Australian Bureau of Statistics

Rate the ABS website
ABS Home > Statistics > By Release Date
1338.1 - NSW State and Regional Indicators, March 2009 Quality Declaration 
Previous ISSUE Released at 11:30 AM (CANBERRA TIME) 21/04/2009   
   Page tools: Print Print Page Print all pages in this productPrint All RSS Feed RSS Bookmark and Share Search this Product

STATISTICS NEWS NSW

A Picture of a Nation: Statistician's Report on the 2006 Census
NSW Population hits 7 million: Release of the latest ERP
Household Preparedness for Emergencies: Results of the 2007 State Supplementary Survey
A New Look for Some Familiar Faces: Changes to Australian Social Trends and Measuring Australia's Progress
National Regional Profile: An Update
ABS NSW Office: What we can do for you


A PICTURE OF A NATION: STATISTICIAN'S REPORT ON THE 2006 CENSUS

Each successive generation is more likely to live in a city and to hold a university qualification, but less likely to report religious beliefs, according to A Picture of the Nation: The Statistician’s Report on the 2006 Census, released by the ABS on 29 January 2009.

A Picture of the Nation provides a rich source of stories on our changing Australian society.
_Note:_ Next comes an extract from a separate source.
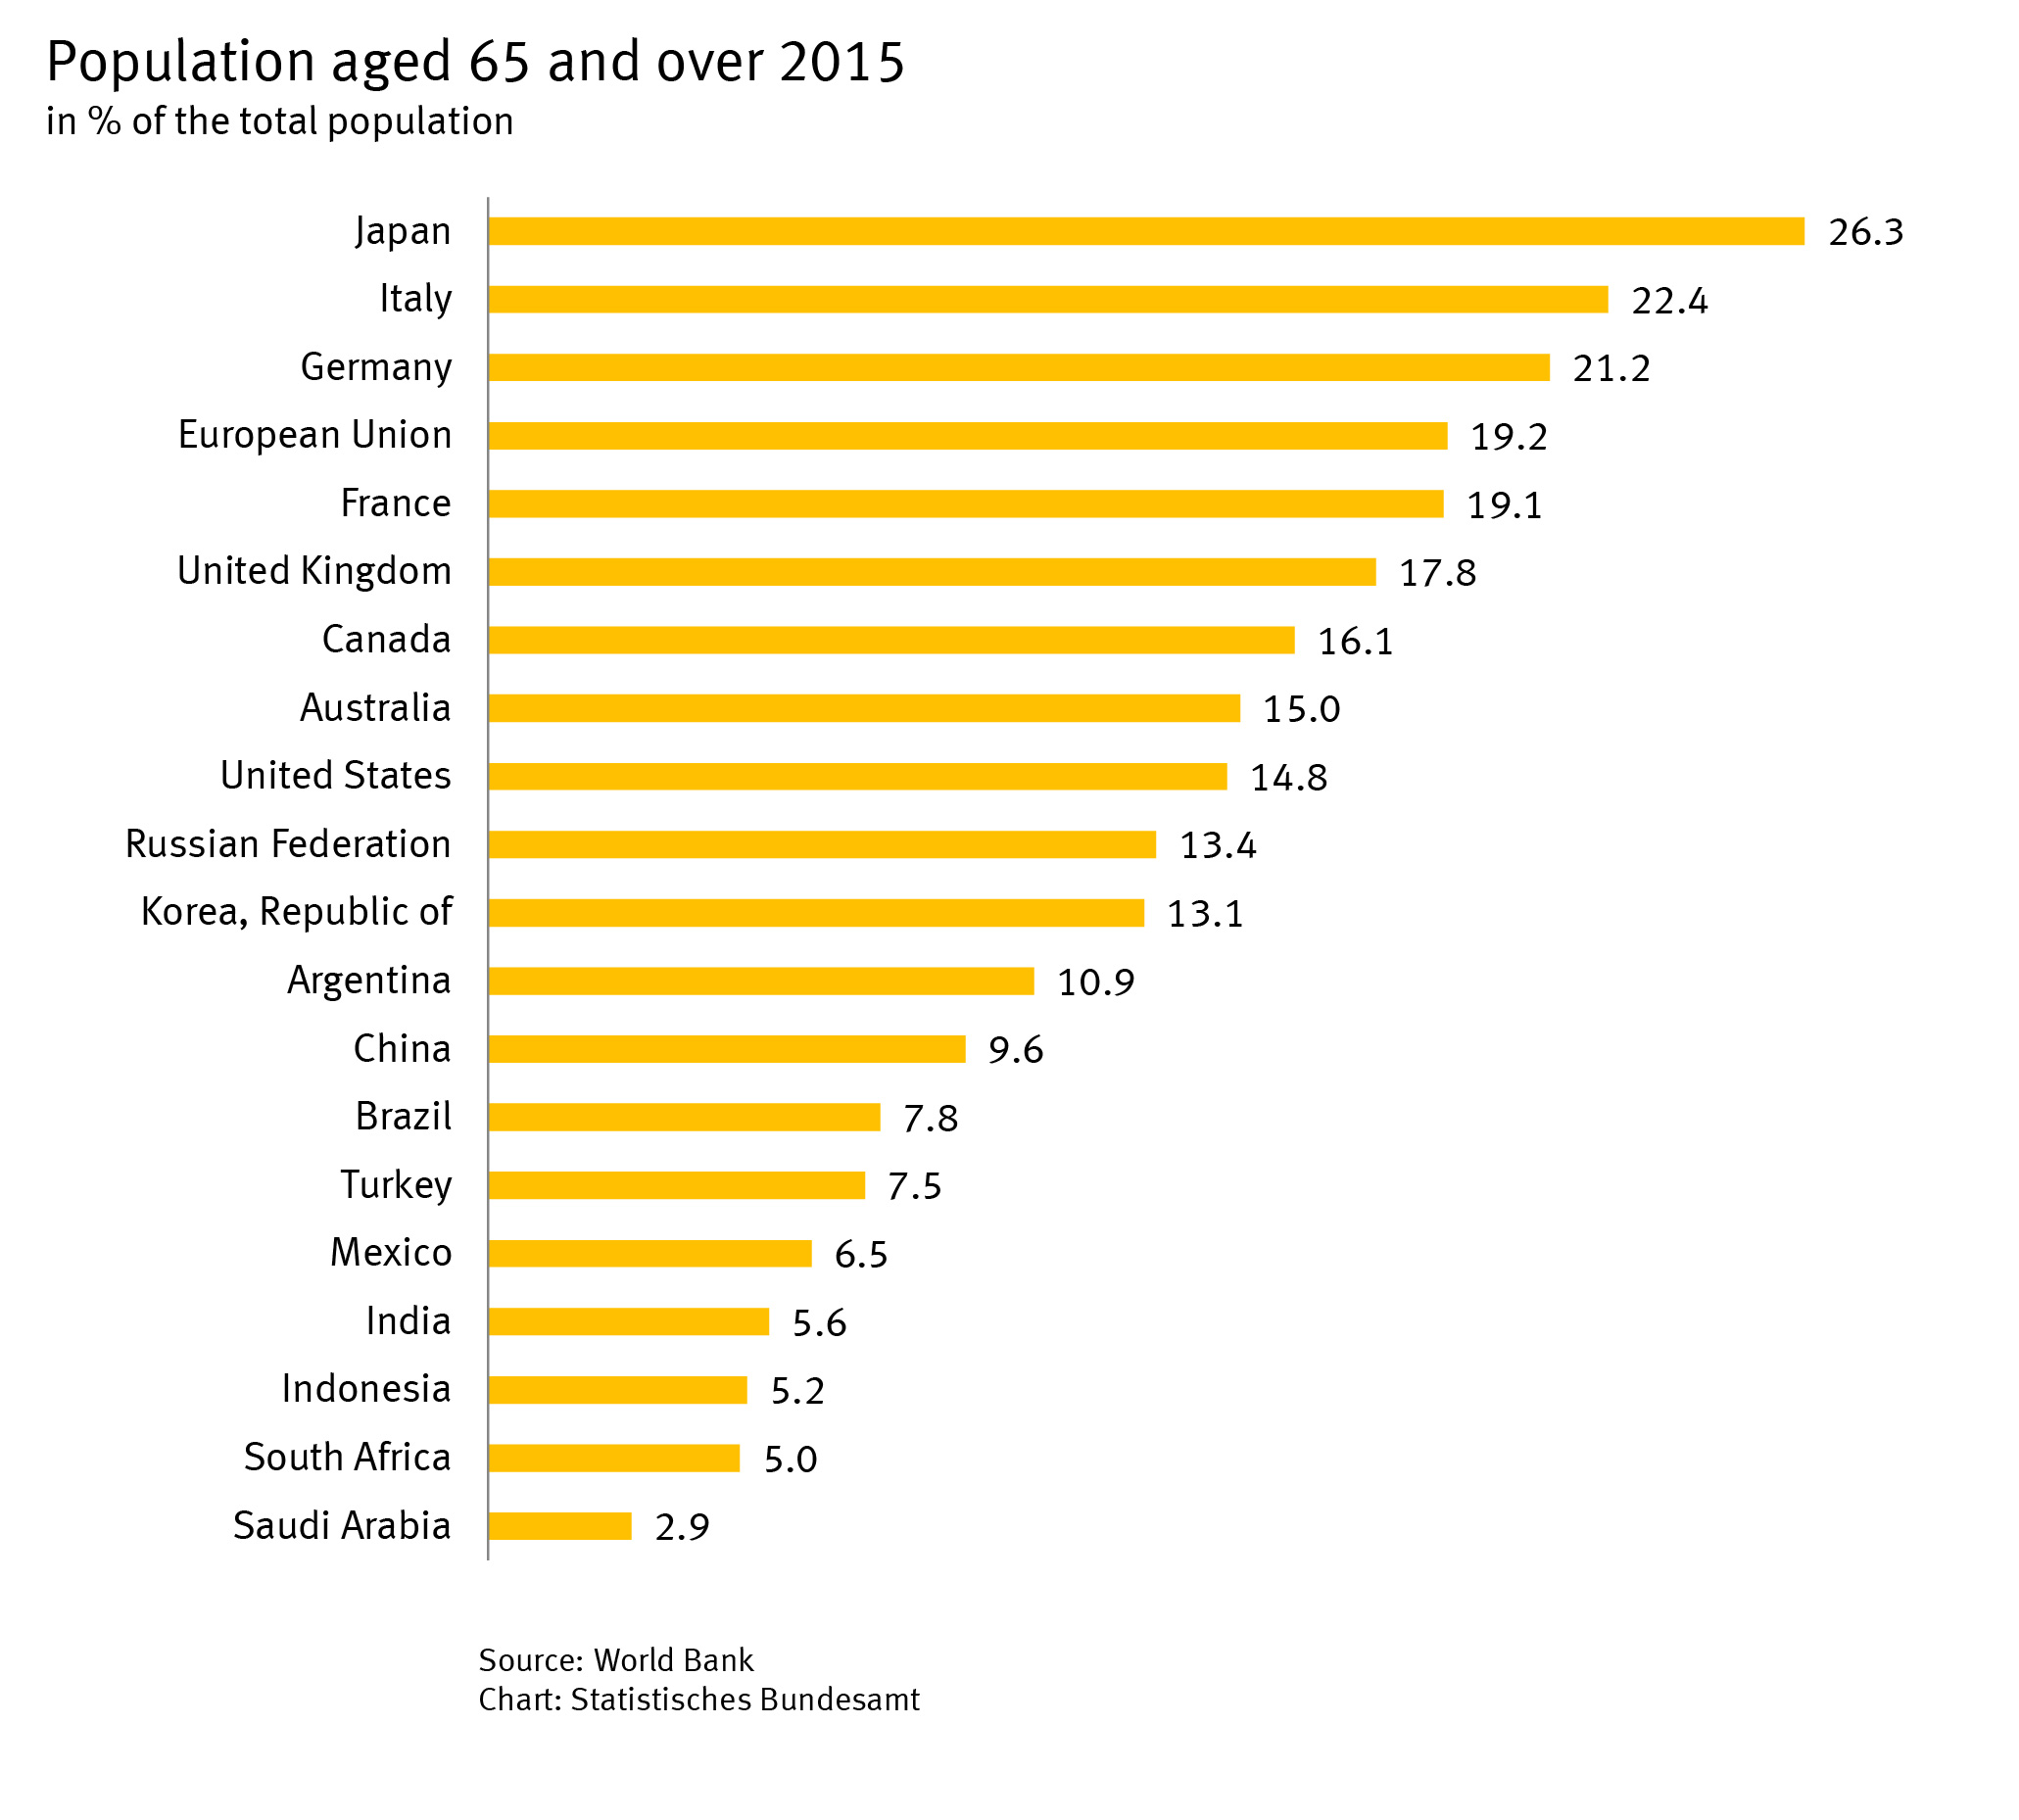 Population aged 65 and over

It also provides an in-depth analysis of Population Census data, complementing the extensive range of other Census products already available free from the ABS website.

Some of the findings detailed in A Picture of the Nation include:

  • At the 1911 Census, 42% of the population were living in rural areas. By 2006, only 12% of Australians were located in rural areas, while just over three quarters (77%) were in towns and cities within 50 km of the coast.
  • Women have closed the gap in university qualifications - in 2006, more women than men in Generation X and Y held a Bachelor degree or higher (28% compared with 21%).
  • In 2006, more than three quarters of the Lucky Generation* were affiliated with a Christian denomination, compared with just over one half of Generation X and Y.
  • Between 2001 and 2006, 43% of people aged 5 years and over in Australia had changed their location.
  • Between 1986 to 2006 the number of people working part-time more than doubled, from 1.2 million to 2.7 million.
  • More than half the people who cared for children who were not their own were aged 50 and over; many of these were caring for their grandchildren.
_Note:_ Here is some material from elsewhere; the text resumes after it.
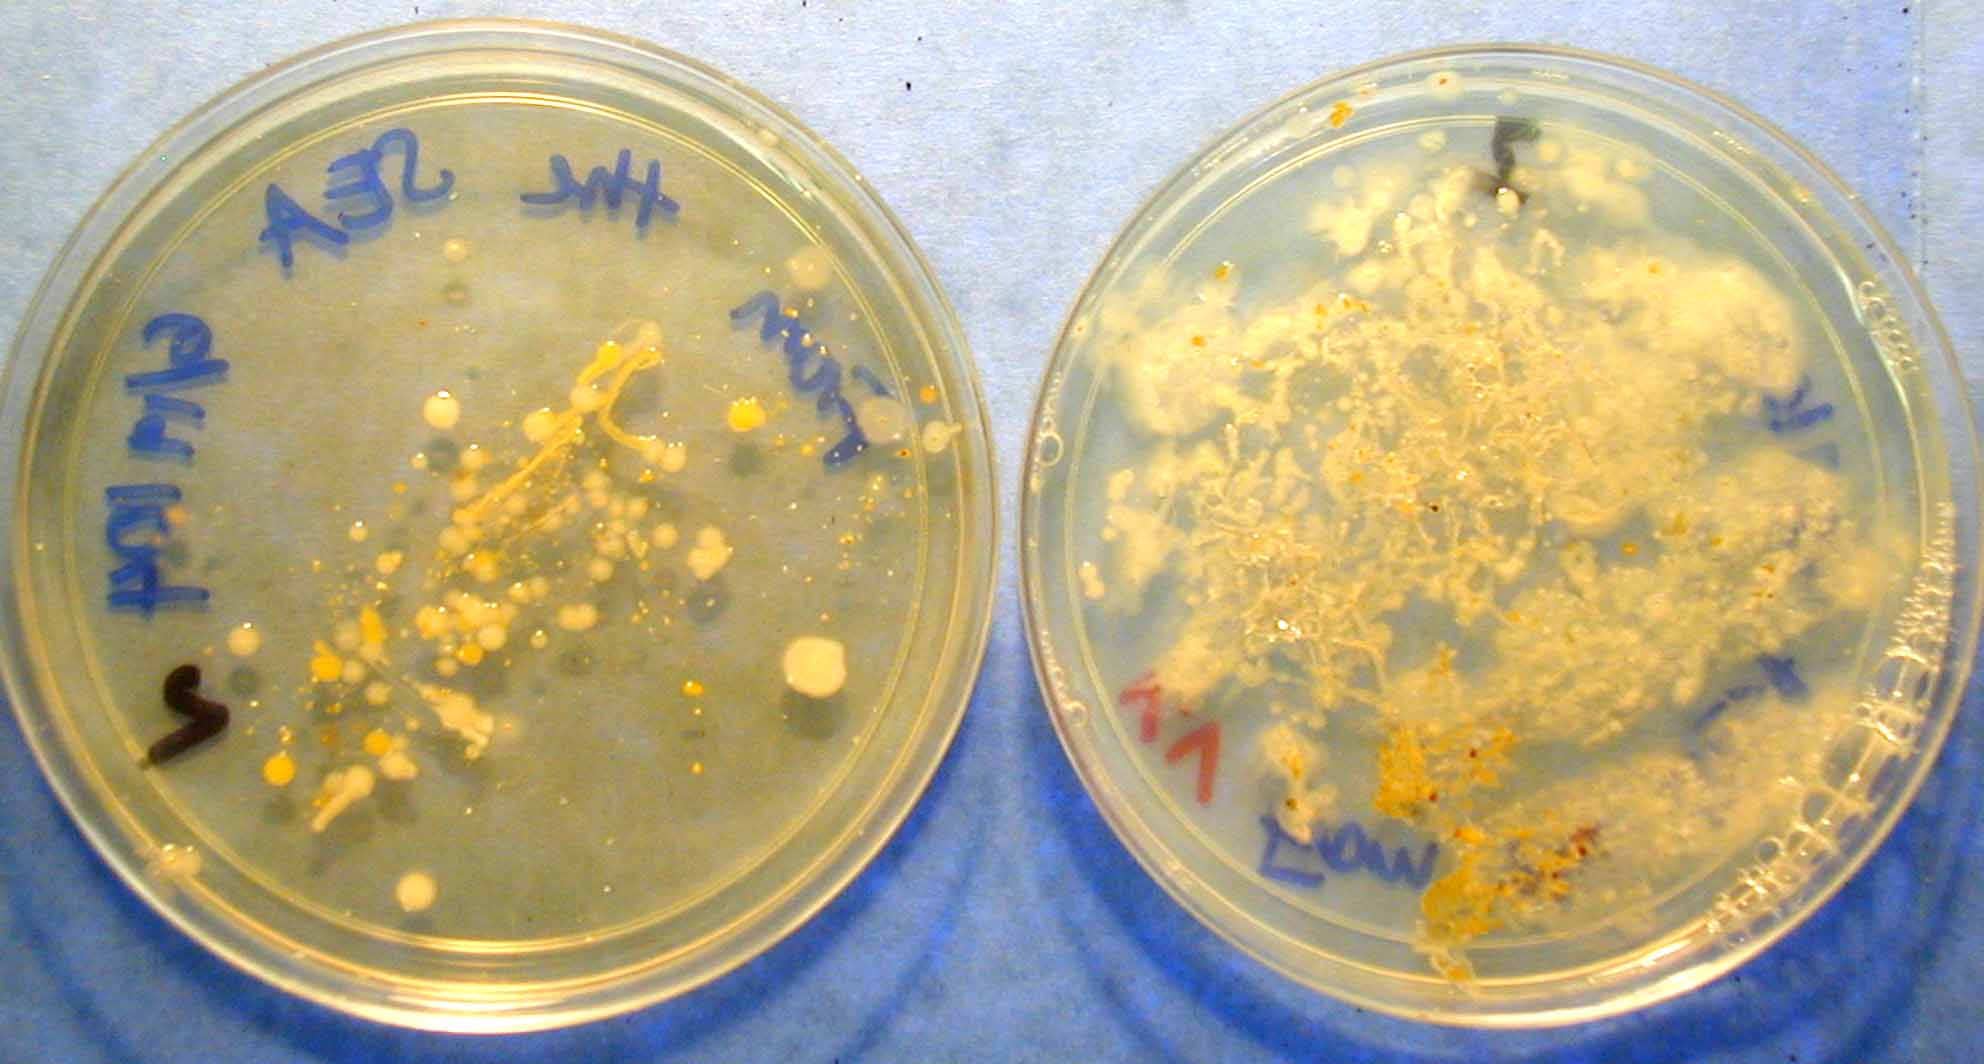 From the sea bacteria growing on land and sea food.

More details can be found in A Picture of the Nation (cat. no. 2070.0).

*Born between 1926 and 1946, just prior to and during the Great Depression and World War II, they are referred to as the Lucky Generation because they generally perceive that they had an easier time than their parents.
NSW POPULATION HITS 7 MILLION: RELEASE OF THE LATEST ERP

The preliminary estimated resident population (ERP) of New South Wales at 30 September 2008 was 7,017,100 persons. This was an increase of 92,300 persons (1.3%) since 30 September 2007 and the first time NSW's population has been estimated to be over 7m.

For the full story, see the latest release of Australian Demographic Statistics (cat. no. 3101.0)


HOUSEHOLD PREPAREDNESS FOR EMERGENCIES: RESULTS OF THE 2007 STATE SUPPLEMENTARY SURVEY

An article How well prepared are Australian Communities for natural disasters and fire emergencies? was published in the February 2009 issue of the Australian Journal of Emergency Management. The article draws upon the 2007 State Supplementary Survey publications Household Preparedness for Emergencies: NSW, Vic., Qld and ACT, Oct 2007 (cat. no. 4818.0.55.001) and Community Preparedness for Emergencies, Oct 2007 (cat. no. 4818.5). The results from these ABS surveys on household and community preparedness for emergencies are presented within the context of published research into factors that influence preparedness.

The results from the 2008 State Supplementary Survey are due for release on Tuesday 19th May 2009. The topic this year is Household and Workplace Mobility, and Implications for Travel, NSW and Victoria. The survey aims to measure how often, and the reasons why, people change residential and workplace locations. It will also measure the implications of these changes on distance and methods of travel to work.


A NEW LOOK FOR SOME FAMILIAR FACES: CHANGES TO AUSTRALIAN SOCIAL TRENDS AND MEASURING AUSTRALIA'S PROGRESS

AST: Australian Social Trends (cat. no. 4102.0) is now quarterly. The March quarter edition was released on Wednesday 25 March and includes 8 articles: trends in population, couples in Australia, mental health, trends in household work, retirement and retirement intentions, household debt, trends in superannuation coverage and household use of renewable energy.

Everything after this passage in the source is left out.